WHAT YOU HAVE TO DO: Please reproduce all of the data exactly as it appears, but skip the pictures.

*** DATA RECORDS ***

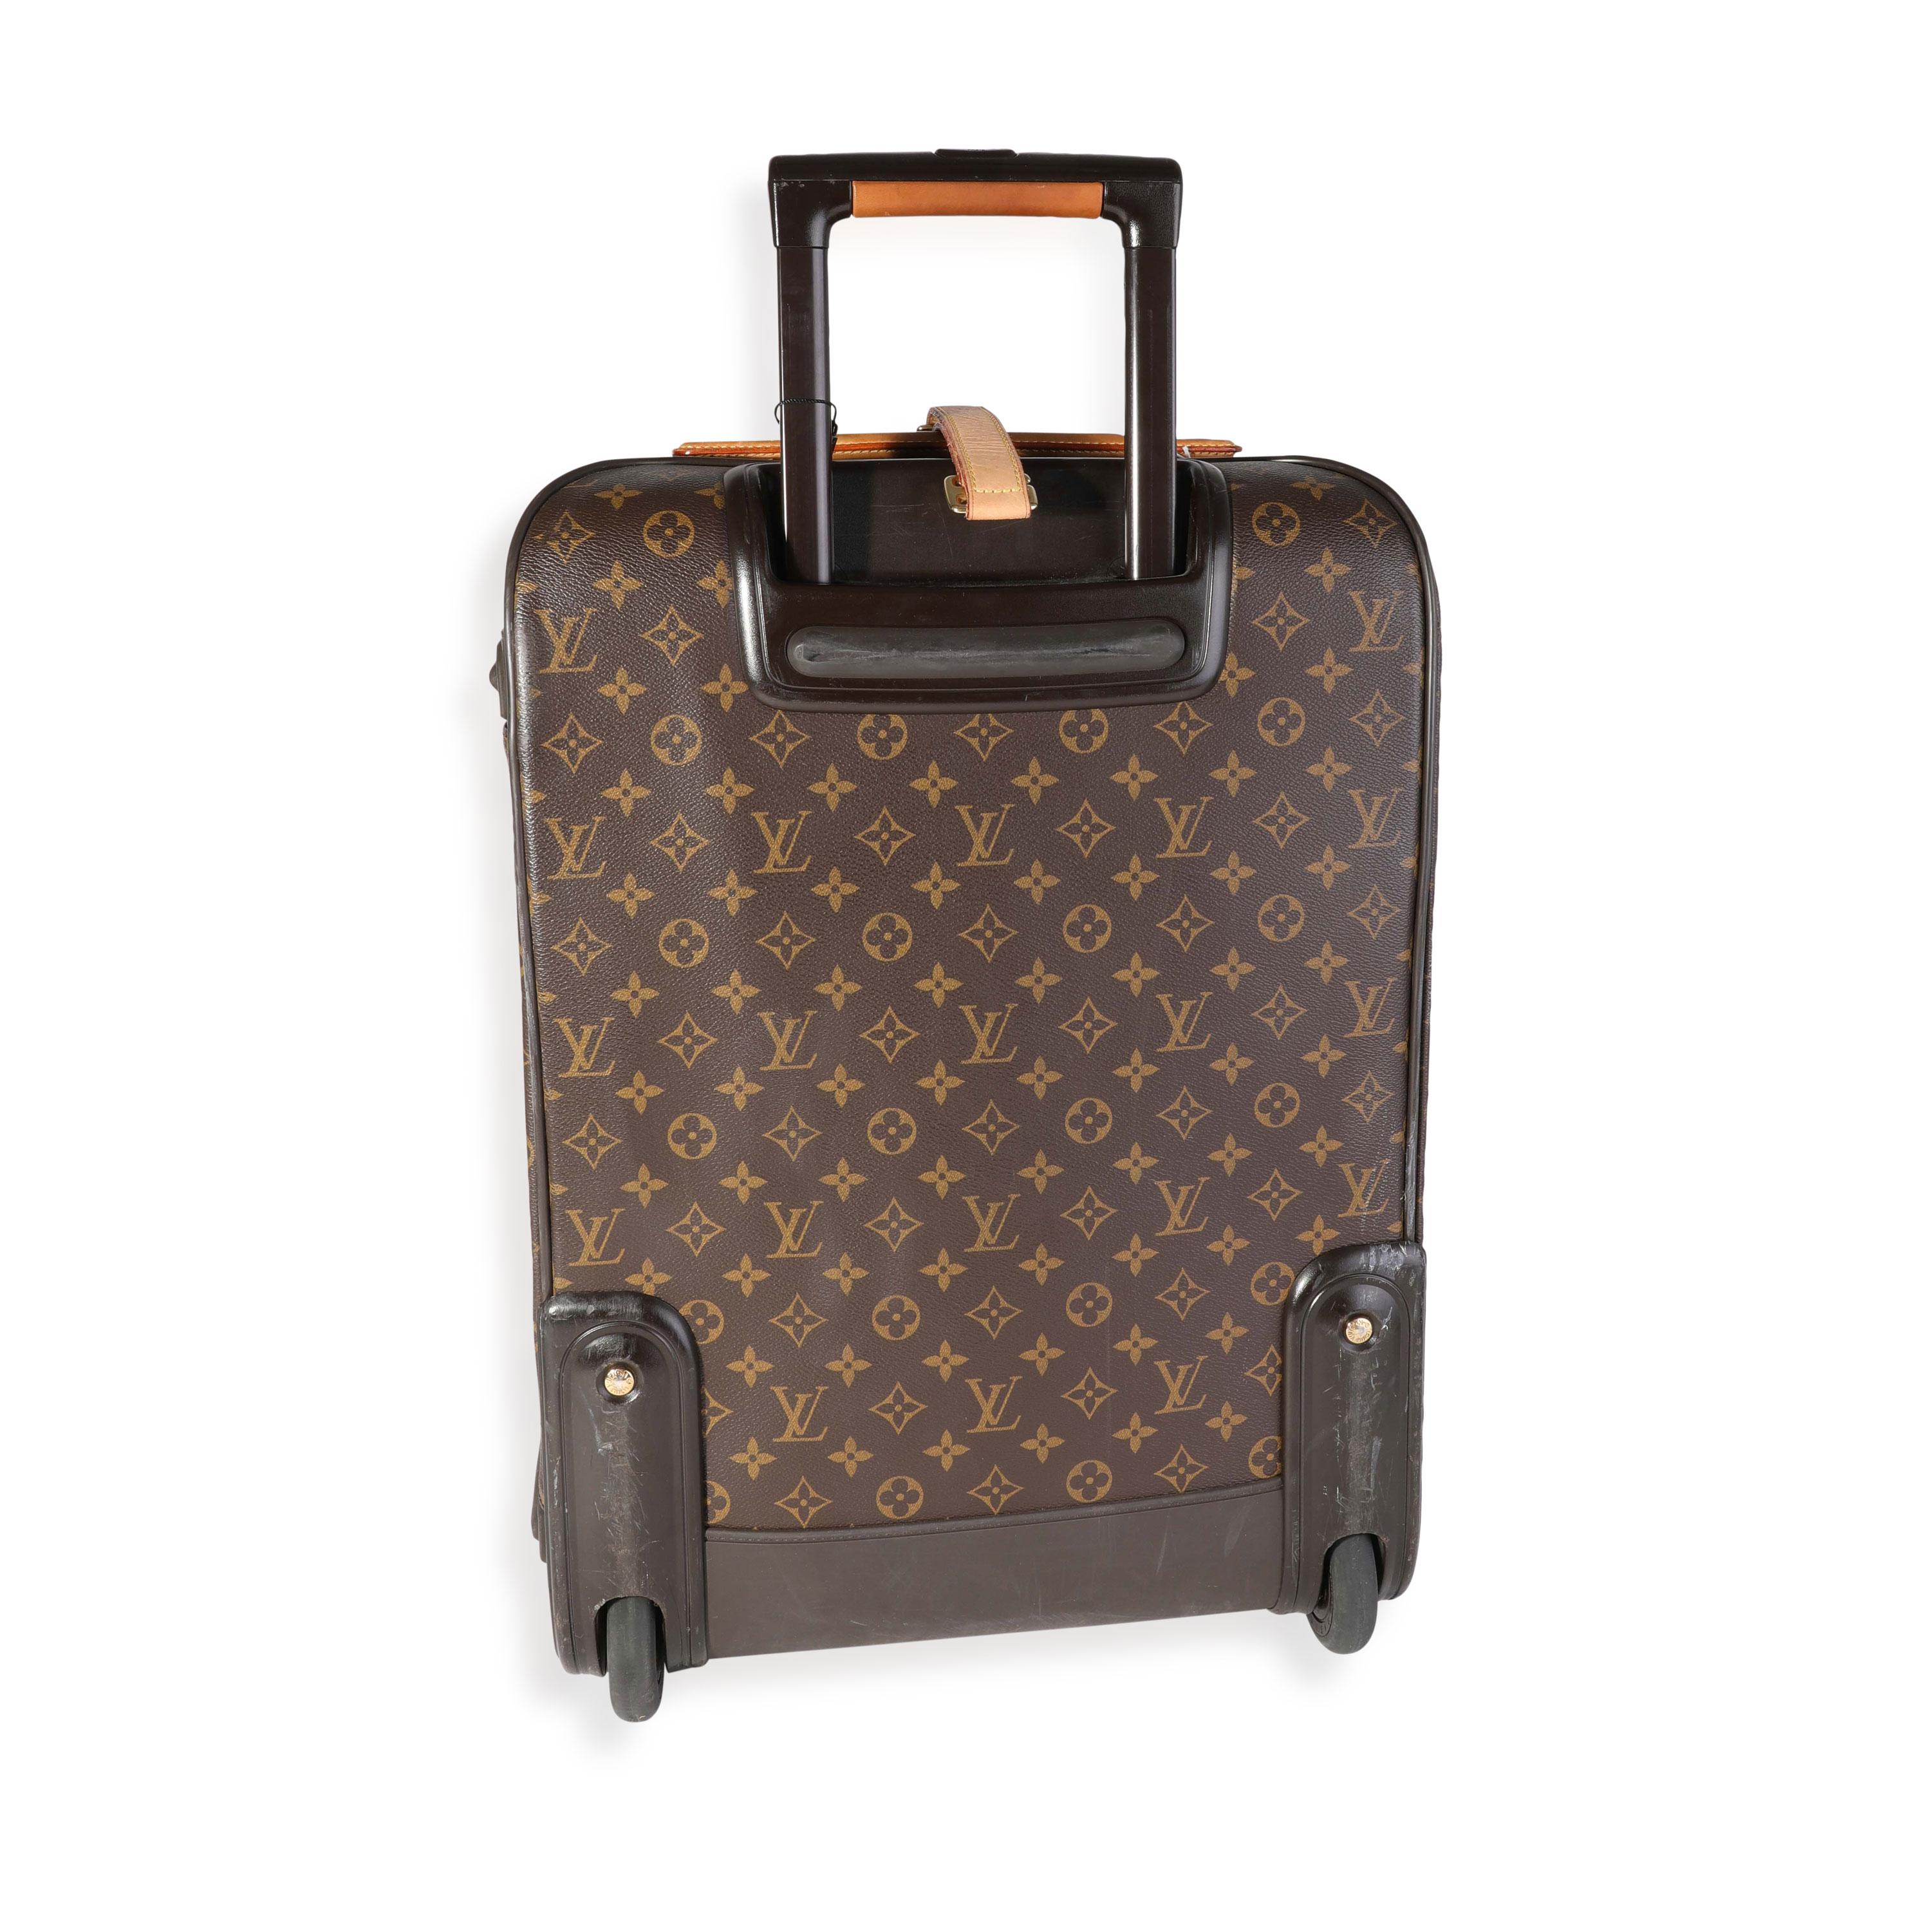 Listing Title: Louis Vuitton Monogram Canvas Pégase 55 Suitcase
SKU: 118575
Condition: Pre-owned (3000)
Handbag Condition: Fair
Condition Comments: Scratches to exterior trim and hardware. Interior is clean.
Brand: Louis Vuitton
Origin Country:

***

WRITTEN RESPONSE:
 Listing Title: Louis Vuitton Monogram Canvas Pégase 55 Suitcase
SKU: 118575
Condition: Pre-owned (3000)
Handbag Condition: Fair
Condition Comments: Scratches to exterior trim and hardware. Interior is clean.
Brand: Louis Vuitton
Origin Country:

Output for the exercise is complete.